Example: Visual Data Exploration
Visual data exploration should be one of the first steps in data analysis. In fact, it should start right after reading a data set. The following examples are based on a data set showing the quality and prices of diamonds More info
Within this example, we will focus on basic R graphics. Of course, all of the example could also be realized using more advanced plotting libraries like lattice
or ggplot
.
Have a look at the first few lines of the data.
head(diamonds)
## carat cut color clarity depth table price x y z
## <dbl> <ord> <ord> <ord> <dbl> <dbl> <int> <dbl> <dbl> <dbl>
##1 0.23 Ideal E SI2 61.5 55 326 3.95 3.98 2.43
##2 0.21 Premium E SI1 59.8 61 326 3.89 3.84 2.31
##3 0.23 Good E VS1 56.9 65 327 4.05 4.07 2.31
##4 0.290 Premium I VS2 62.4 58 334 4.2 4.23 2.63
##5 0.31 Good J SI2 63.3 58 335 4.34 4.35 2.75
##6 0.24 Very Good J VVS2 62.8 57 336 3.94 3.96 2.48
BoxplotPermalink
A boxplot is probably the most fundamental way to perform a visual data exploration. It generally shows the median along with the 25% and 75% quartiles (box and line within) as well as the value range which is within a range of 1.5 times the inter-quartile range (i.e. the size of the box which is also called spread). Values outside the latter range are indicated as outliers. All those settings can be changed.

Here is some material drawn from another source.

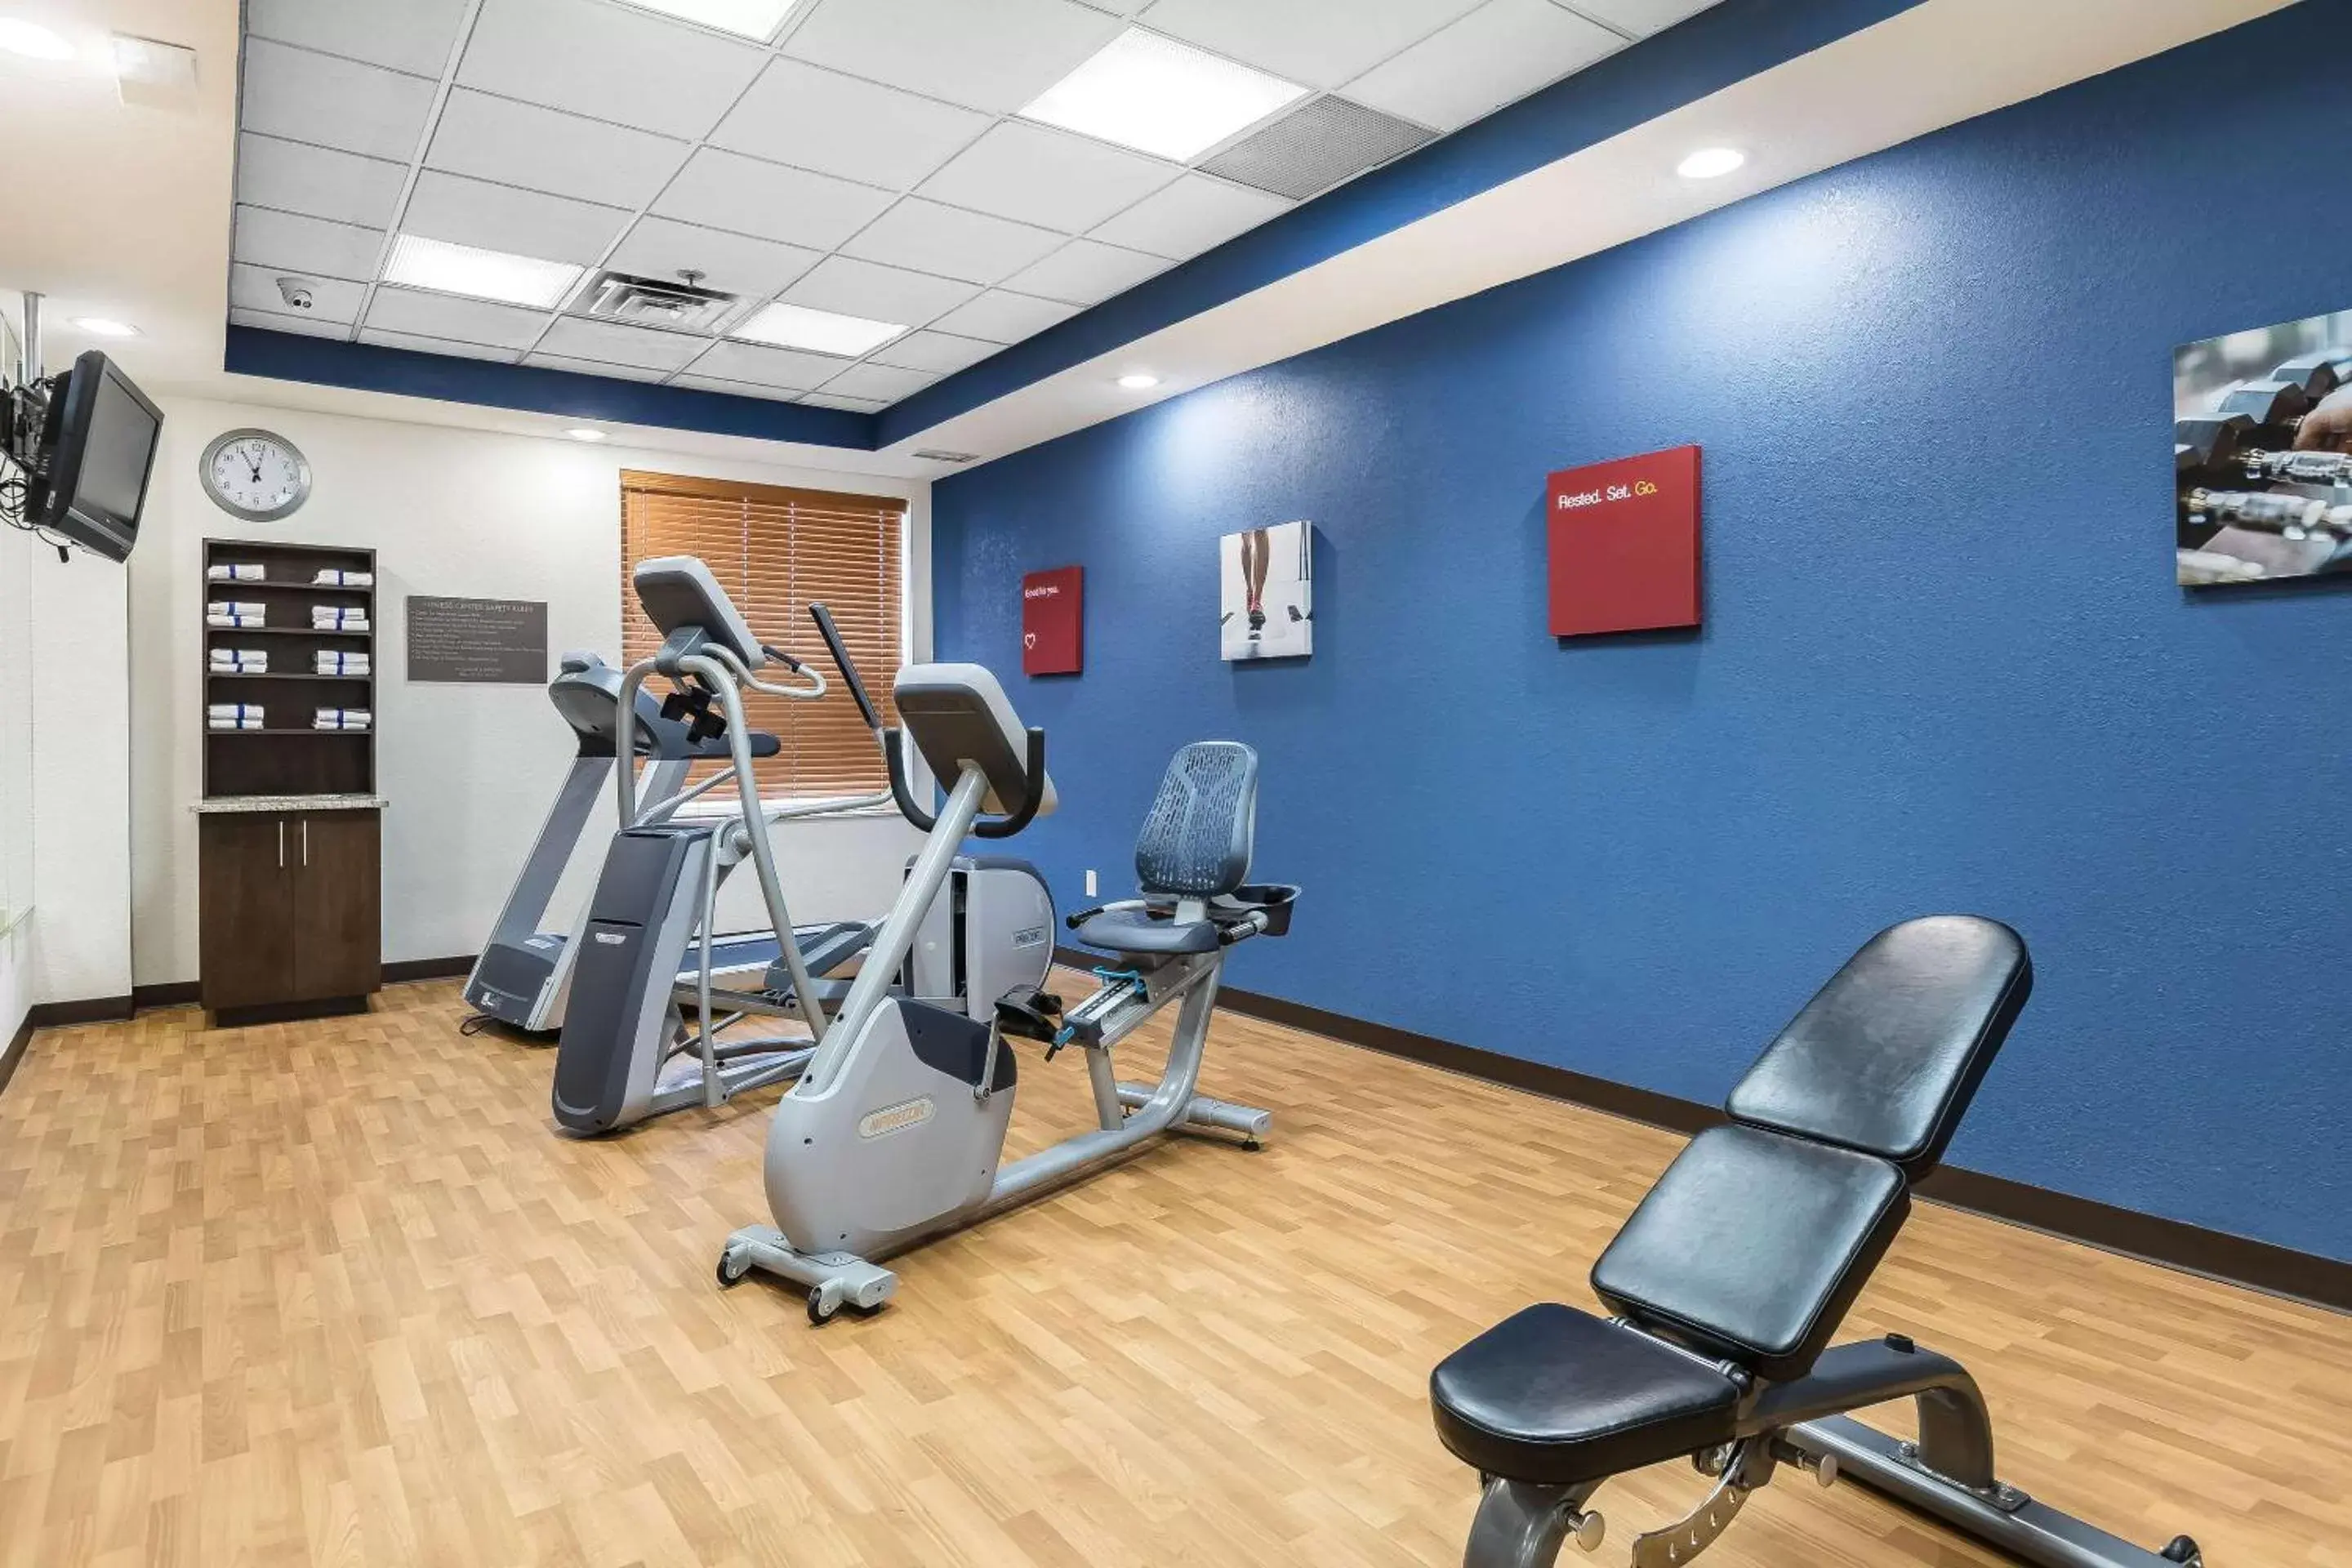 Fitness centre/facilities, Fitness Center/Facilities in Comfort Inn & Suites Allen Park/Dearborn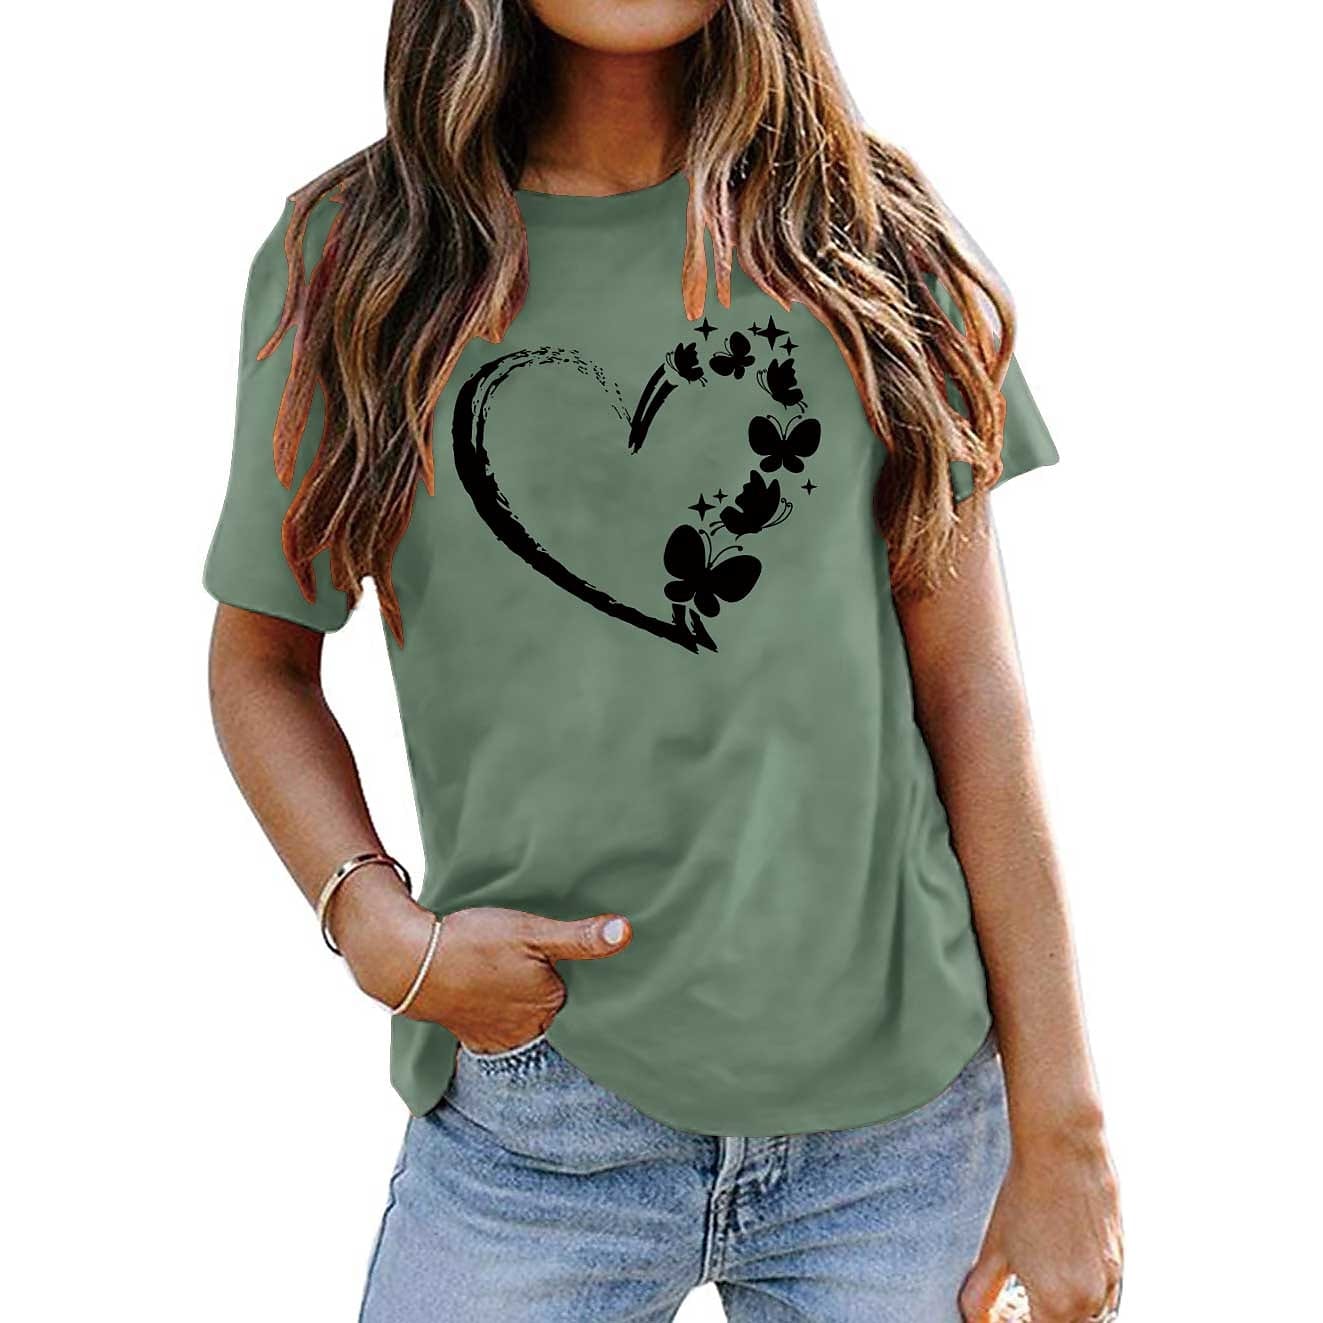 Heart Butterfly Print 100% Cotton Women's T-shirt Peace Green & Black White Basic Short Sleeve

Producing a boxplot is straight forward (the x-axis lables are just the column names):
boxplot(diamonds$carat)
HistogramsPermalink
Histograms are usefull for getting an idea of the distribution of the dataset. Visualization is straight forward:
hist(diamonds$price)
ScatterplotPermalink
Scatterplot, i.e. the mother of all plots, focuses on the relationship between variables. The x-axis should be used for the (more) independent variable, the y-axis for the (more) dependent variable.
Again, creating such a plot is very simple:
plot(x = diamonds$carat, y = diamonds$price)
The axis lables are just the column names of the data frame but for this stage of data analysis, this is more than fine. If you finally decide which graphic should be included in a final presentation (e.g. publication), then the right time for nice lables and other stuff has come. But priot to that, pimping is just a waste of time.
An alternative for plot(x = , y = )
is the use of the ~
symbol. In R the ~
can be read as “in relation to”.
plot(diamonds$price ~ diamonds$carat)
This creates the same scatterplot as before. However the arguments are switches inside the function. Read it like this: plot the price as a function of carat. This logic sometimes makes it easier to be consistent with the modelling logic we will use in this course.